The demercaptanized naphtha stream in line 114 may be fed to the light stripper column 120. The light stripper column 120 may be in downstream communication with the mercaptan oxidation reactor 112 to provide a light stripper bottoms stream comprising disulfides and olefins in line 128. In an aspect, the light stripper bottoms stream predominantly comprises disulfides. In various embodiments, the demercaptanized naphtha stream in line 114 may be stripped in the presence of an inert stripping medium.
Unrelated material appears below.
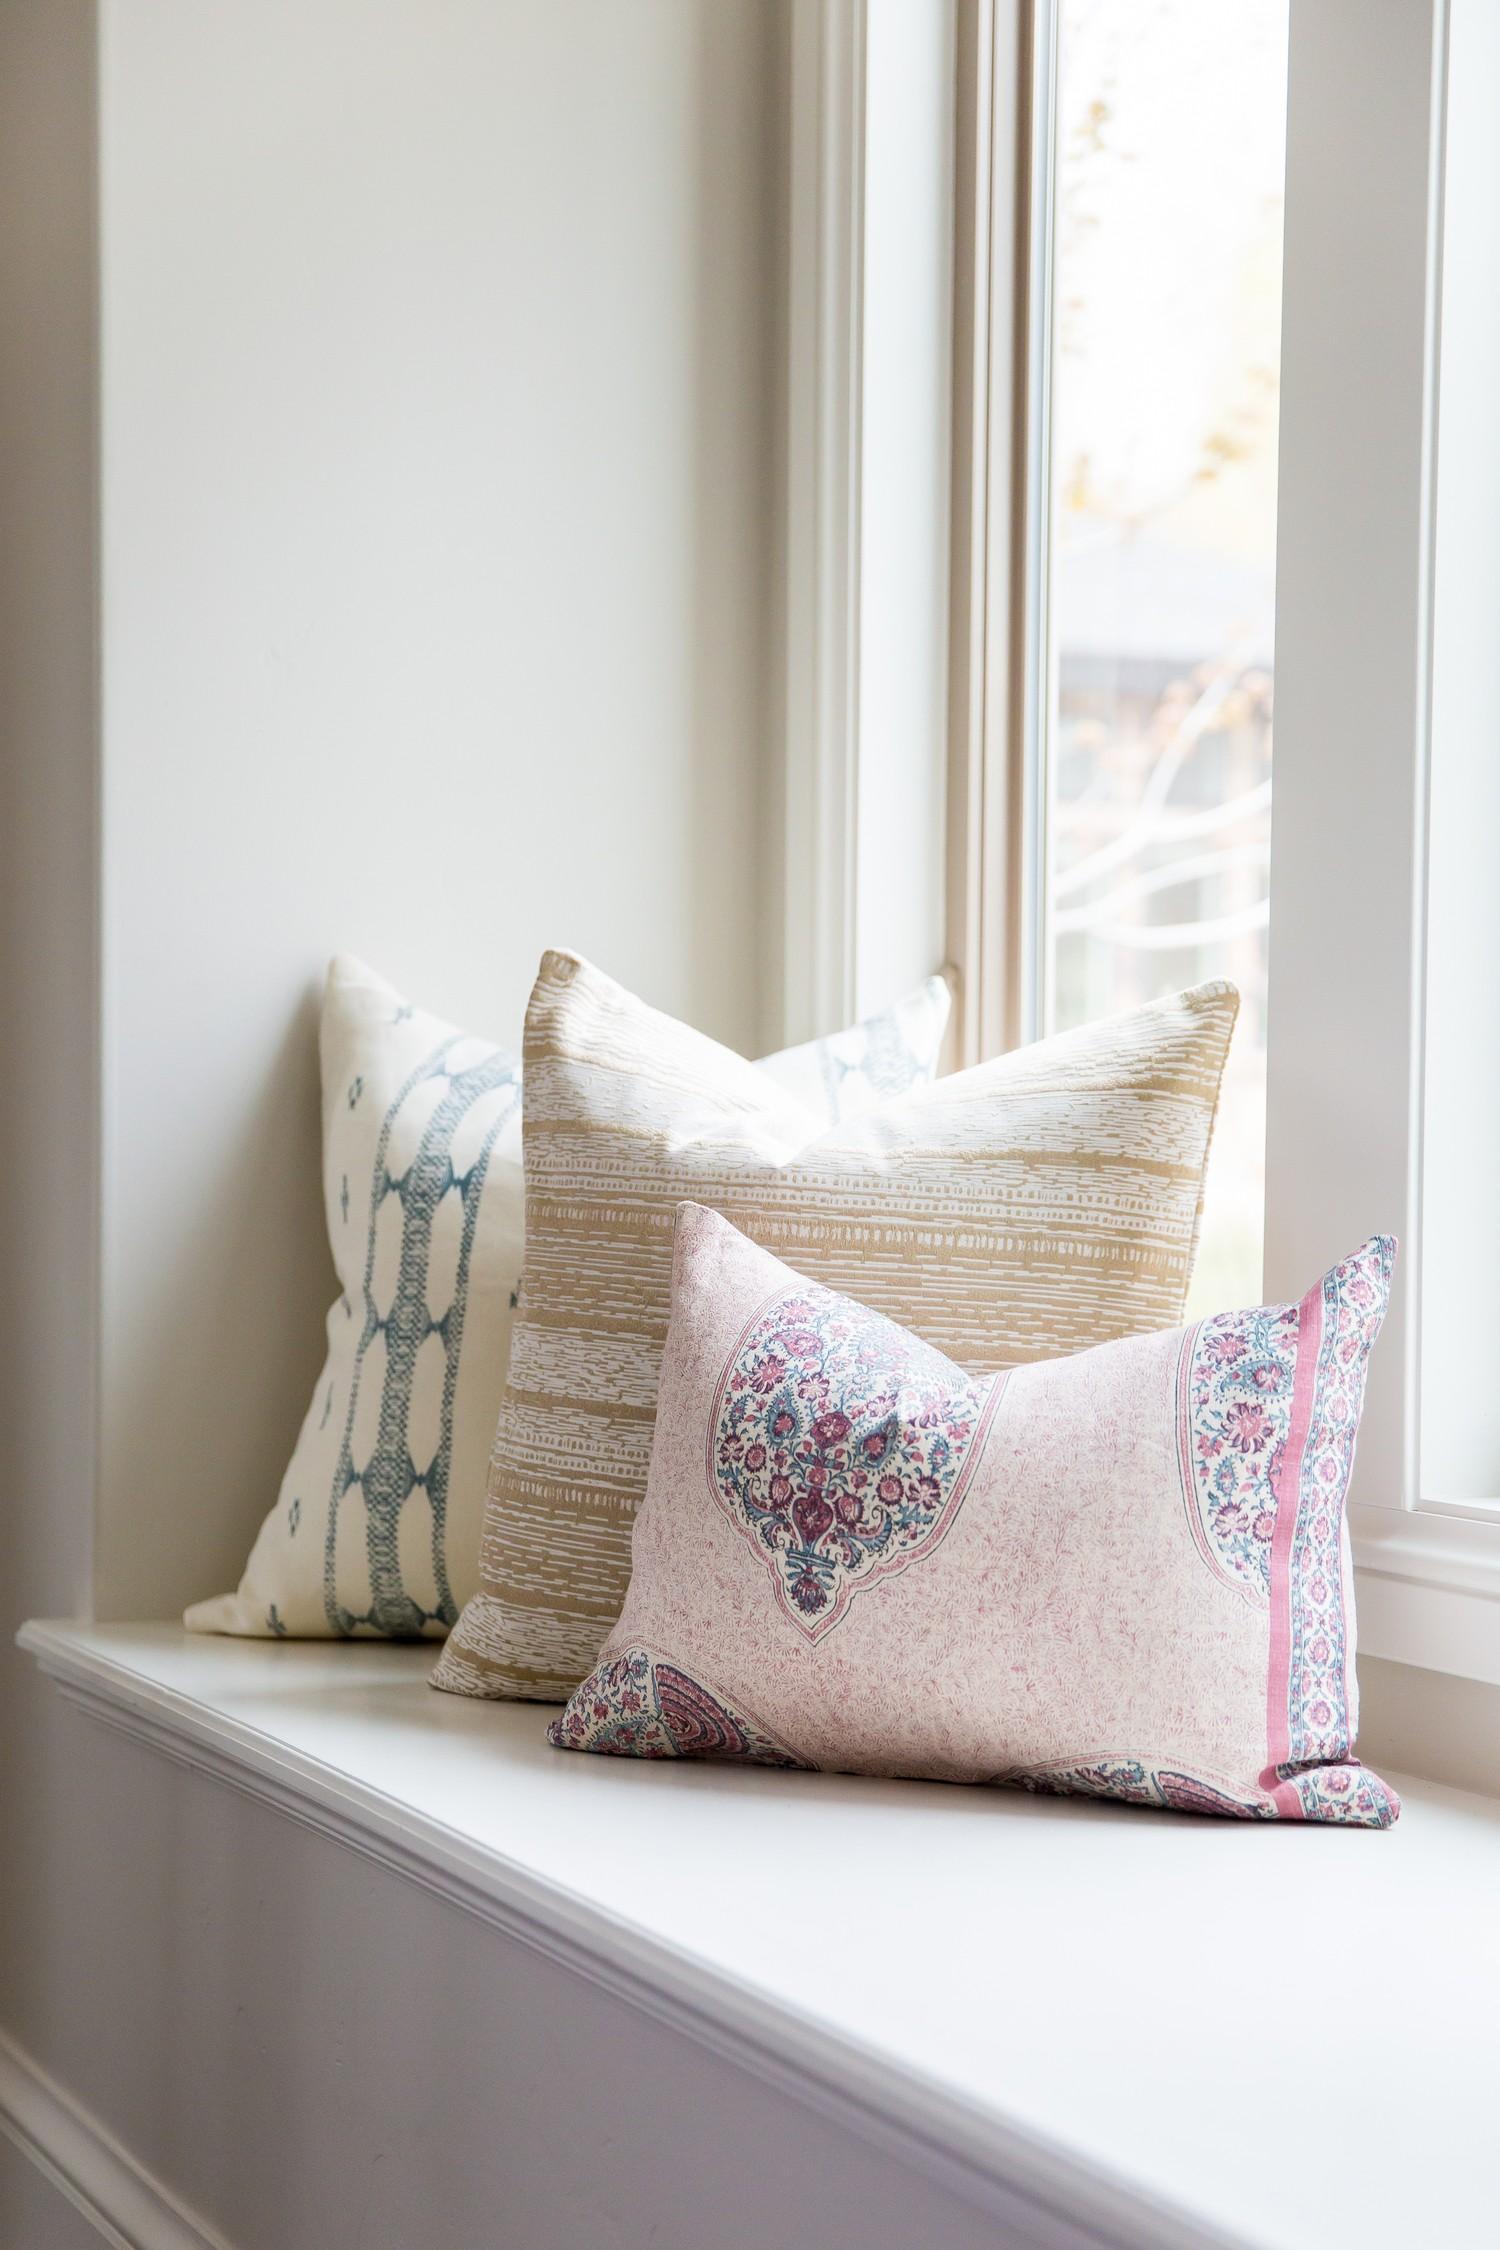 Window+seat+pillows+__+Studio+McGee.jpg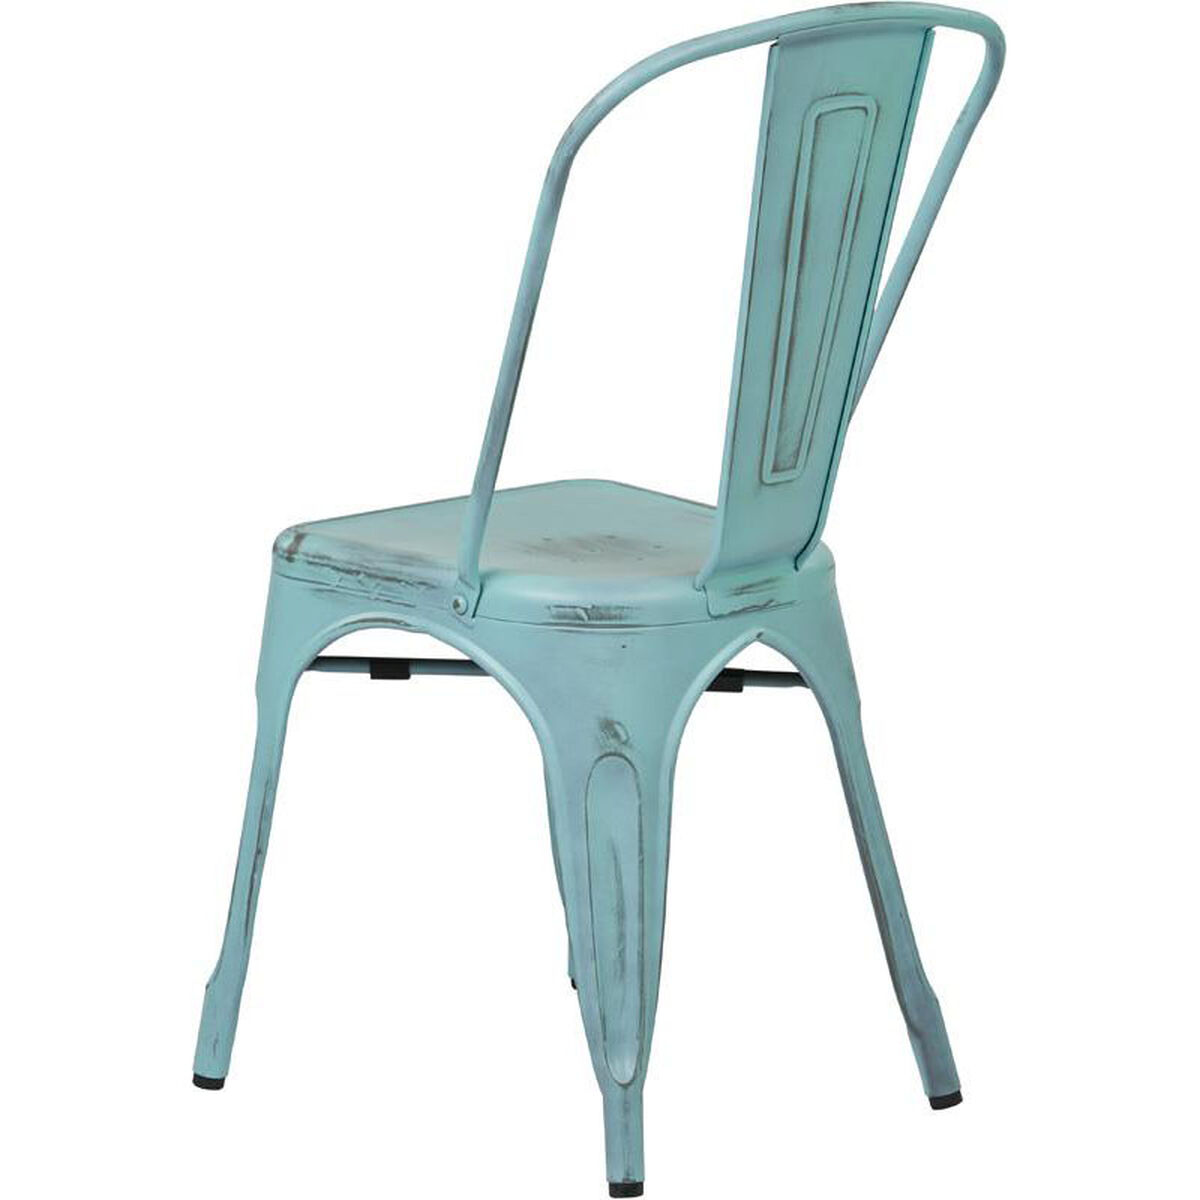 Set Of 4 Blue Stacking Chair Brw29a4 Asb Bizchair Com

In accordance with an exemplary embodiment as shown in the FIGURE, the demercaptanized naphtha stream in line 114 may be passed through a demercaptan heat exchanger 116 to be heated by heat exchange with the hydrodesulfurized naphtha stream in line 146 before being fed to the light stripper column 120. The demercaptanized naphtha stream in line 114 may be stripped in the light stripper column 120 to provide a treated light naphtha stream in line 124 and a light stripper bottoms stream in line 128. In accordance with an instant embodiment as discussed, the treated light naphtha stream may be recovered from an overhead of the light stripper column 120 in line 124. An overhead stream from the light stripper column 120 may be condensed and separated in a receiver with a net overhead gas being taken out in line 126 and a portion of the condensed liquid being refluxed back to the light stripper column 120 to obtain another portion of the condensed liquid in the treated light naphtha stream in line 124. The net overhead gas may be taken out in line 126 from the receiver and may be passed to an off-gas scrubber (not shown). In an aspect, the cut-point of the treated light naphtha stream in the light stripper column 120 may be in range of about 60° C. (140° F.) to about 70° C. (158° F.) such that light stripper bottoms stream in line 128 predominantly comprises disulfides.
Referring back to the naphtha splitter column 106, the heavy naphtha stream in the naphtha splitter bottoms line 110 may be passed to a hydrodesulfurization reactor 144 to hydrodesulfurize the heavy naphtha stream. Accordingly, the heavy naphtha stream in naphtha splitter bottoms line 110 bypasses the mercaptan oxidation reactor 112. Consequently, the mercaptan oxidation reactor 112 is out of communication with naphtha splitter bottoms line 110. In accordance with an exemplary embodiment as shown in the FIGURE, the heavy naphtha stream in naphtha splitter bottoms line 110 passes through a surge drum 130, a first heavy heat exchanger 132 and a second heavy heat exchanger 134 and the di-olefin saturation reactor 136 before being passed to the hydrodesulfurization reactor 144. In accordance with an exemplary embodiment, the first heavy heat exchanger 132 may be a start-up heat exchanger which may be used only to heat the incoming feed from the naphtha splitter 106 during start-up phase. In an aspect, a steam stream may be used for heat exchange with the heavy naphtha stream in naphtha splitter bottoms line 110 to heat the heavy naphtha stream in the first heavy heat exchanger 132. Further, the heavy naphtha stream is heat exchanged with a hydrodesulfurized naphtha stream in line 146 in the second heavy heat exchanger 134 to heat the heavy naphtha stream.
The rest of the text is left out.